INTRODUCTION:

Sacubitril sodium is a selective neprilysin inhibitor indicated for the treatment of hypertension. Sacubitril is a prodrug that is activated to Sacubitrilat by deethylation via esterases¹. Sacubitrilat inhibits the enzyme neprilysin² which is responsible for the degradation of atrial and brain natriuretic peptide, two blood pressure-lowering peptides that work mainly by reducing blood volume³. In addition, neprilysin degrades a variety of peptides including bradykinin an inflammatory mediator exerting potent vasodilator action.

As one possible solution to the problem of swallowing conventional solid dosage forms, a few major pharmaceutical companies have developed fast-dissolving intraoral tablets. The major drawback of these conventional fast dispersing and/or dissolving tablets is their physical solid form. The fear of swallowing, chewing, or choking on such solid shaped articles is still a concern in certain populations. In addition, the fragility/friability of wafer- like, porous and low-pressure moulded tablets fabricated by various manufacturing processes, which require special and expensive packaging to protect the dosage forms. The oral fast dissolving films are thin films for oral mucosal delivery that overcome the shortfalls of conventional fast-dissolving intraoral tablets. The film alleviates the danger/fear of choking, easy to handle and administer, maintains a simple and convenient packaging, alleviates unpleasant taste, and is straightforward to manufacture^{4, 5}. The oral route remains the perfect route for the administration of therapeutic agents because the low cost of therapy and ease of administration lead to high levels of patient compliance. Oral dosage forms are more popular than other dosage form. Oral fast dissolving film is relatively a new dosage form in which thin film is prepared using hydrophilic polymers, which rapidly dissolves on tongue or oral cavity. Oral Fast dissolving film (FDF) is also known as mouth dissolving films (MDF), oral strips, oral dispersible films (ODF). buccal mucosa offers many advantages like relatively large surface area of absorption, easy accessibility, simple delivery devices, avoiding hepatic first pass metabolism and feasibility of controlled drug delivery⁶. Buccal ﬁlms are ﬂexible, comfortable compared to the tablets and can circumvent shorter residence time of oral gels⁷.

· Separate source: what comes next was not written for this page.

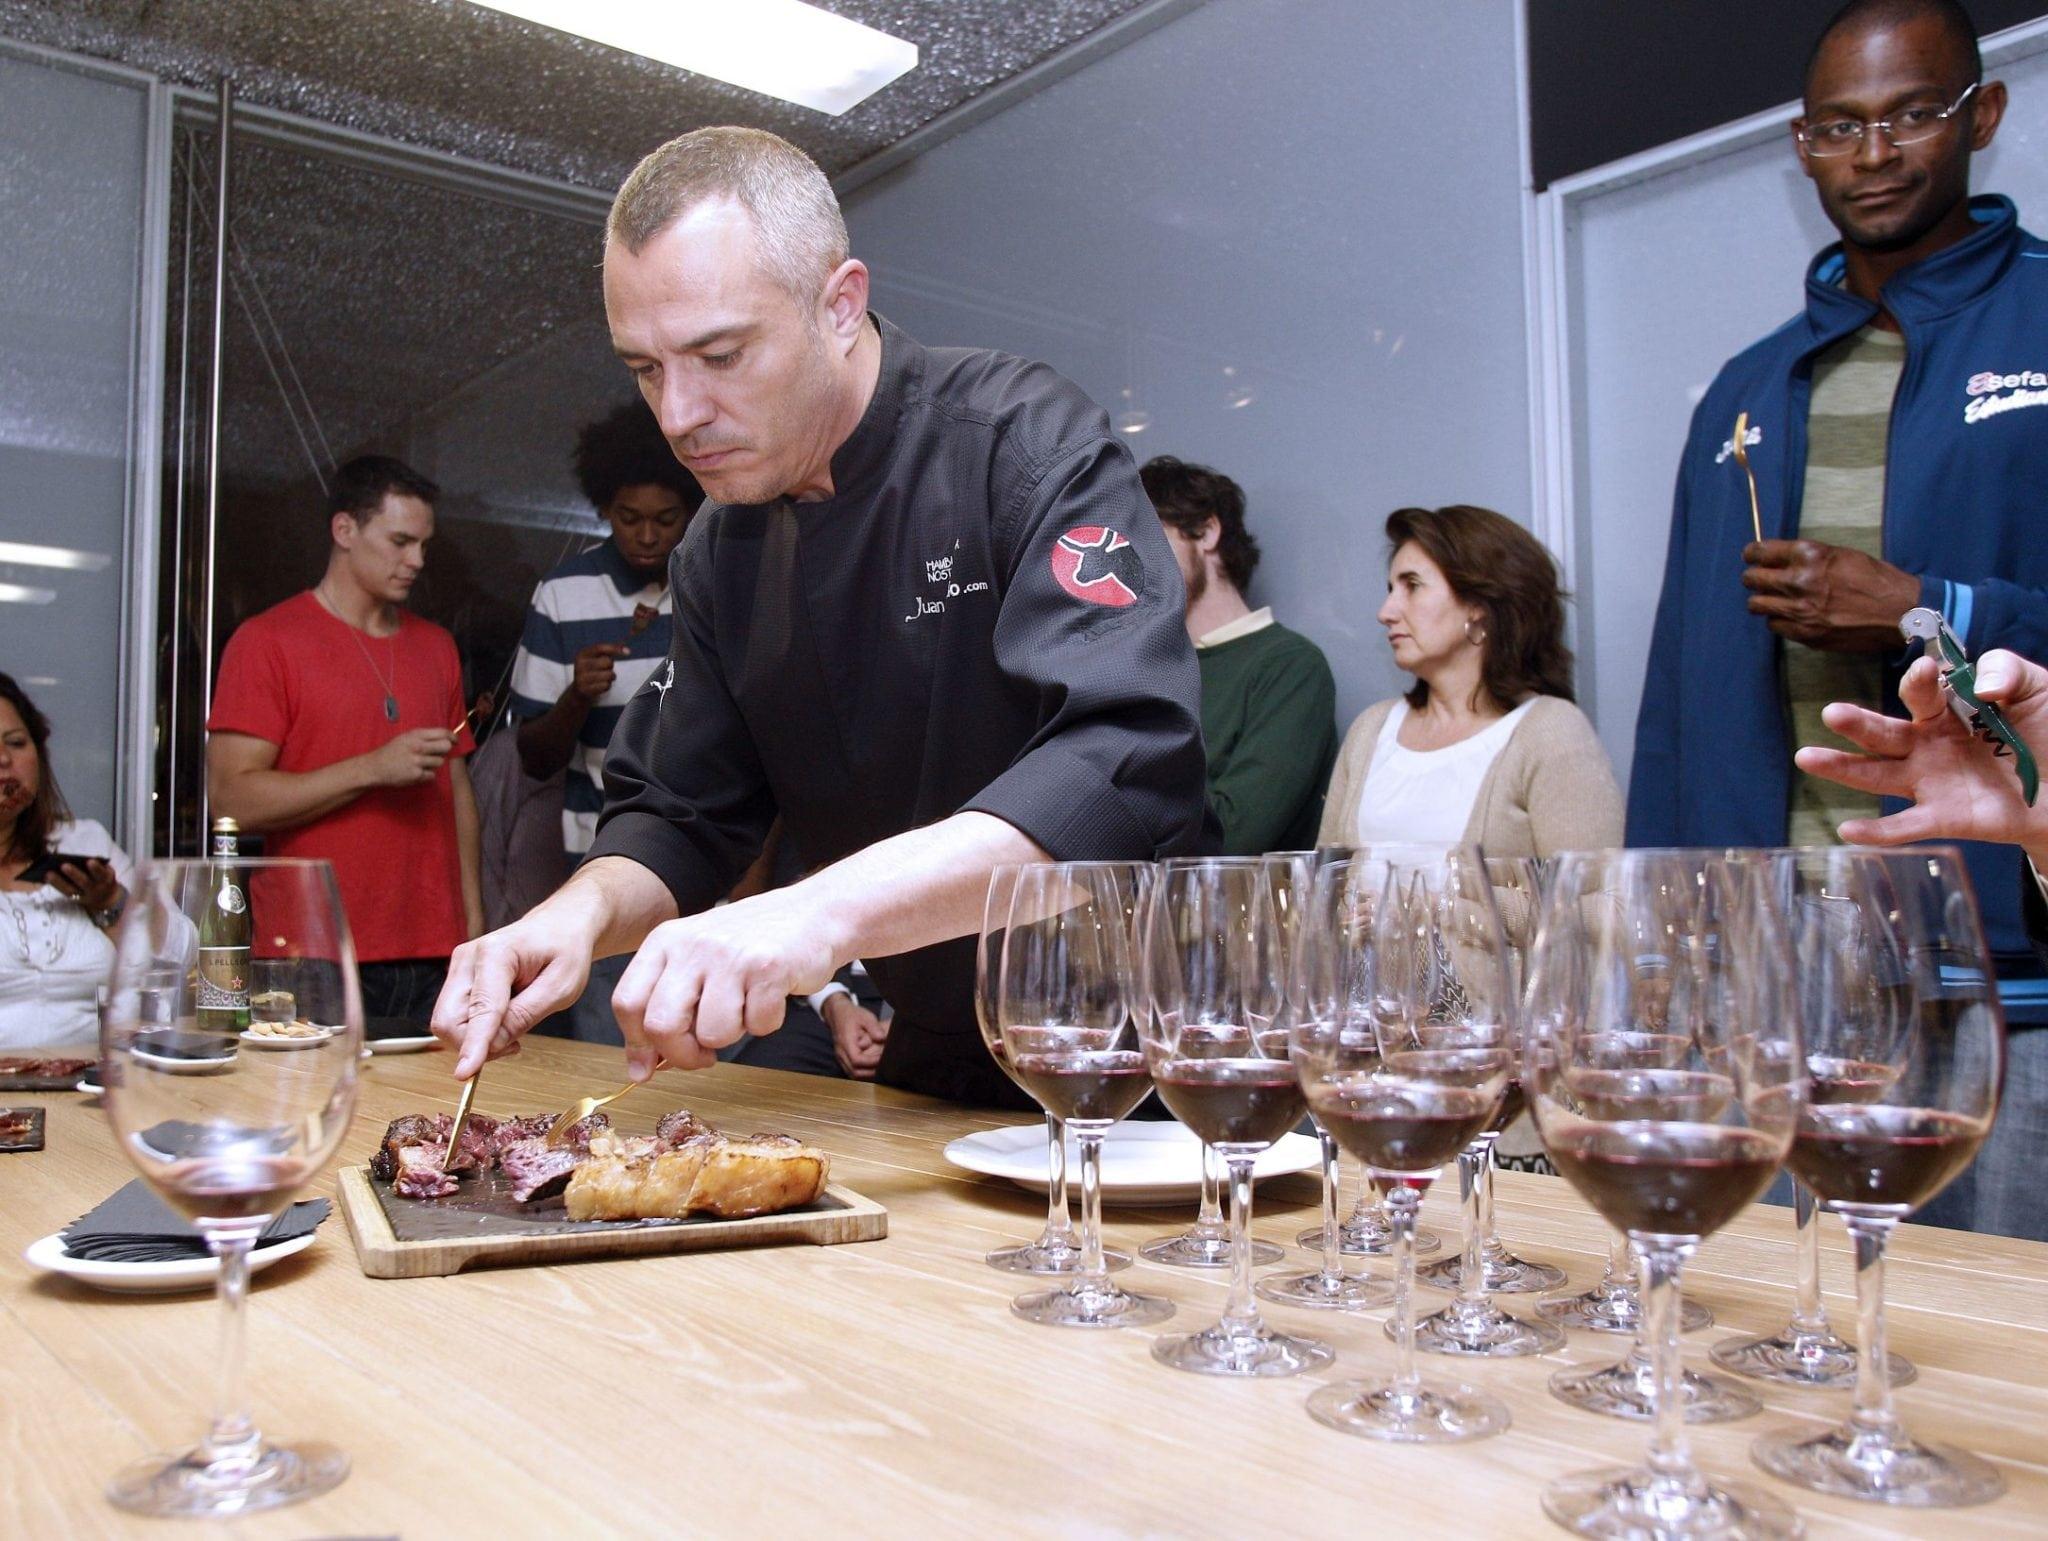 Taller de Cocina del Club de Negocios en el restaurante Vaca Nostra
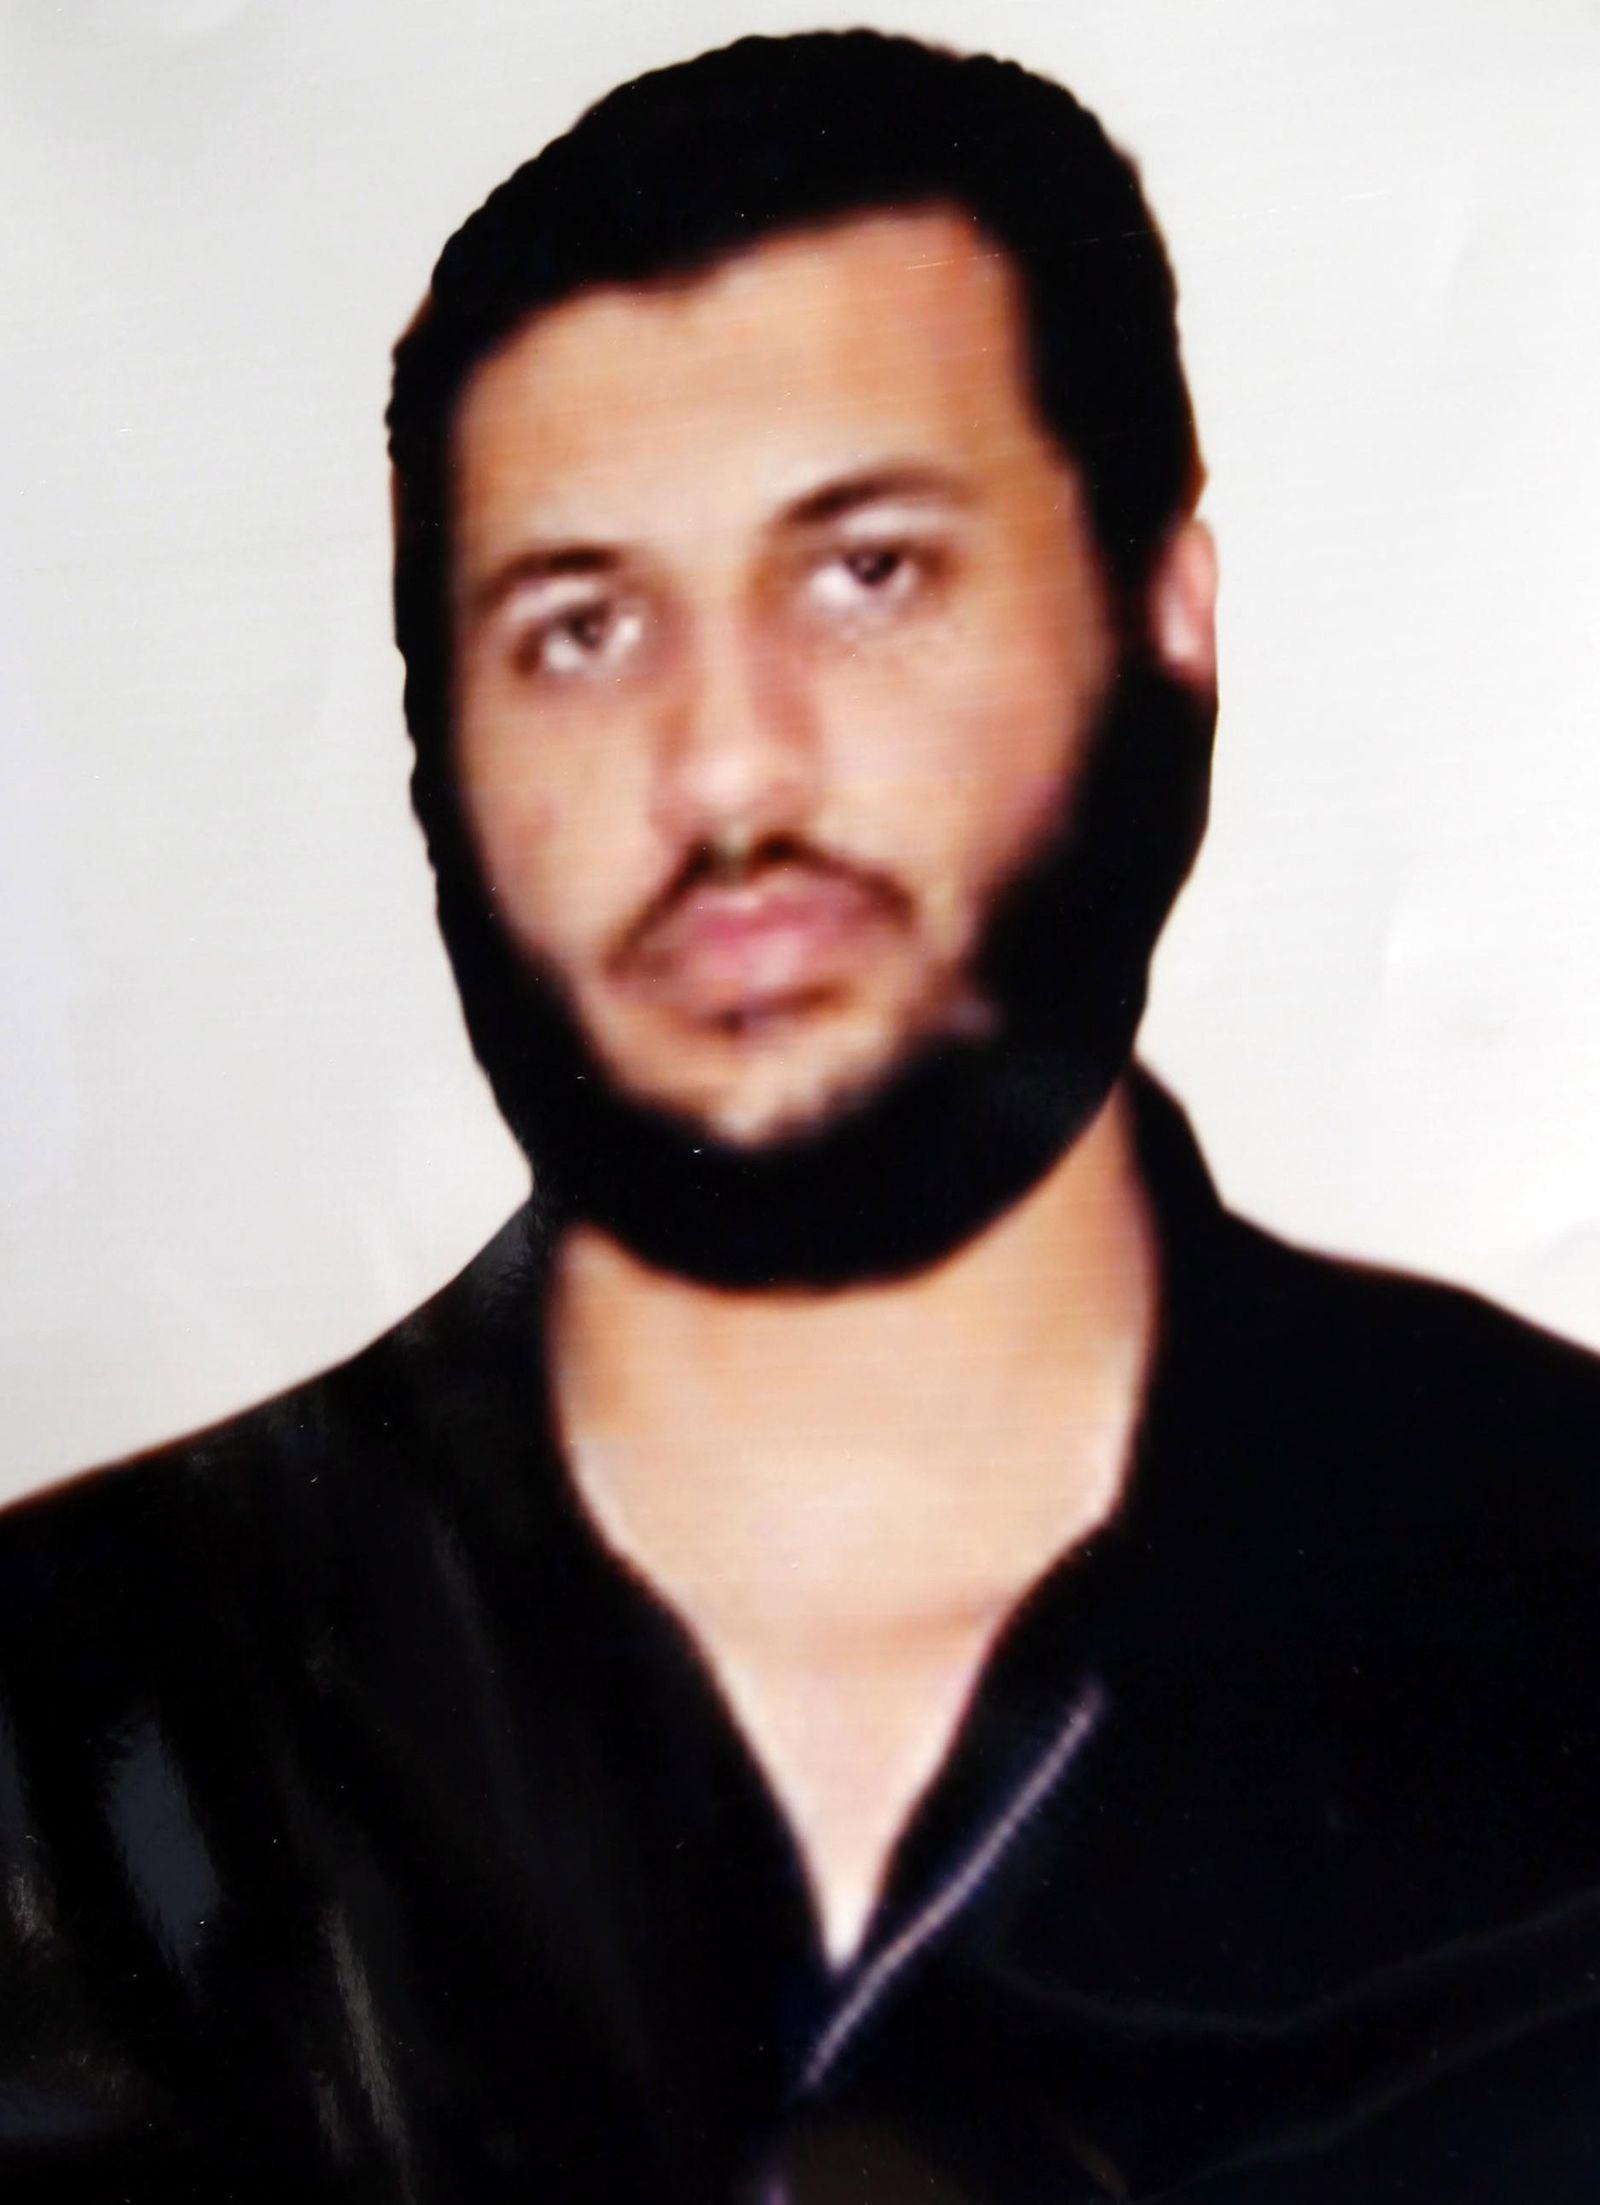 Saif al-Arab Gaddafi

On placing fast dissolving films in the mouth, saliva serves to rapidly dissolve the dosage form. The saliva containing the dissolved or dispersed medicament is then swallowed and the drug is absorbed in the normal way. Some drugs are absorbed from the mouth, pharynx and oesophagus as the saliva passes down into the stomach and it may produce rapid onset of action. In such cases bioavailability of drug is significantly greater than those observed from conventional tablets dosage form.

Following oral administration, Sacubitril Sodium is well absorbed and undergoes substantial first-pass metabolism; the systemic bioavailability of Sacubitril Sodium is approximately 60%. In view of these facts this drug can be considered as a suitable candidate for fast dissolving oral film. In this study, an attempt is made to investigate the feasibility of fast dissolving oral films as a medium for the fast delivery of Sacubitril Sodium with better bioavailability and enhanced patient compliance.

MATERIAL AND METHODS:

Materials:

Sacubitril sodium was obtained as a gift sample from Strides Arcolabs, Bengaluru. HPMC –E5, propylene glycol, Glycerine, Tween-80 and Sorbitol were purchased from Sigma-Aldrich.

Method:

Oral fast dissolving films of Sacubitril Sodium were prepared by solvent casting method^.Flat, square-shaped, aluminum foil-coated glass molds having a surface area of 25 cm² were fabricated for casting the films. Compositions of circular cast films of various formulations were mentioned in Table-1.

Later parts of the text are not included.